§ ASSIGNED TASK: Given the records below, would you repeat exactly the lines that begin at the one containing "Khu chợ đêm" and end at the one containing "food background - many", inclusive?

§ ENTRIES SHOWN:
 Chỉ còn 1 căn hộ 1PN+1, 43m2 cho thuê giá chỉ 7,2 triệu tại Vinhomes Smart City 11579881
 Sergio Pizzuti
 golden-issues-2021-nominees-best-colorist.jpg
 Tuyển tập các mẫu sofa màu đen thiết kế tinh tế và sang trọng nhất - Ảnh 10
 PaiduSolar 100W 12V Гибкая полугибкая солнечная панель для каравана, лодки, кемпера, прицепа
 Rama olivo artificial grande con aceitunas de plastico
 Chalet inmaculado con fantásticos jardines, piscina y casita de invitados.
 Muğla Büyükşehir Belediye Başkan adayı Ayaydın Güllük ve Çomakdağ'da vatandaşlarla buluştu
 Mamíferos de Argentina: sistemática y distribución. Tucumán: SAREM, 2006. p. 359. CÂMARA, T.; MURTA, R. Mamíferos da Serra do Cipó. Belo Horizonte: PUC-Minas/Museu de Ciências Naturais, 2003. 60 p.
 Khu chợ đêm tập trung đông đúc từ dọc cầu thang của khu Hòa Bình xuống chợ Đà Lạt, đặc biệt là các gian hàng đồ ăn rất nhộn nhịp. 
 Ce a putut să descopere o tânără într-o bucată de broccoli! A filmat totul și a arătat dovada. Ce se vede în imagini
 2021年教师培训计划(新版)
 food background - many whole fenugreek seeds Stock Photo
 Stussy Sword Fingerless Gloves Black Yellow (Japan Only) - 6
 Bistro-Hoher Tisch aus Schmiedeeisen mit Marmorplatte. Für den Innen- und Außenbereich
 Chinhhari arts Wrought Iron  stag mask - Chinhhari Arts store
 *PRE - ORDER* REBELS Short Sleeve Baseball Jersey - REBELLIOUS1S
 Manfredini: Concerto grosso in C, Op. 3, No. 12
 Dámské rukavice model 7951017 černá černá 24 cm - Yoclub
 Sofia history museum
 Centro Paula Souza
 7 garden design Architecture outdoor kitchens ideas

§ SOLUTION TO THIS TASK:
 Khu chợ đêm tập trung đông đúc từ dọc cầu thang của khu Hòa Bình xuống chợ Đà Lạt, đặc biệt là các gian hàng đồ ăn rất nhộn nhịp. 
 Ce a putut să descopere o tânără într-o bucată de broccoli! A filmat totul și a arătat dovada. Ce se vede în imagini
 2021年教师培训计划(新版)
 food background - many whole fenugreek seeds Stock Photo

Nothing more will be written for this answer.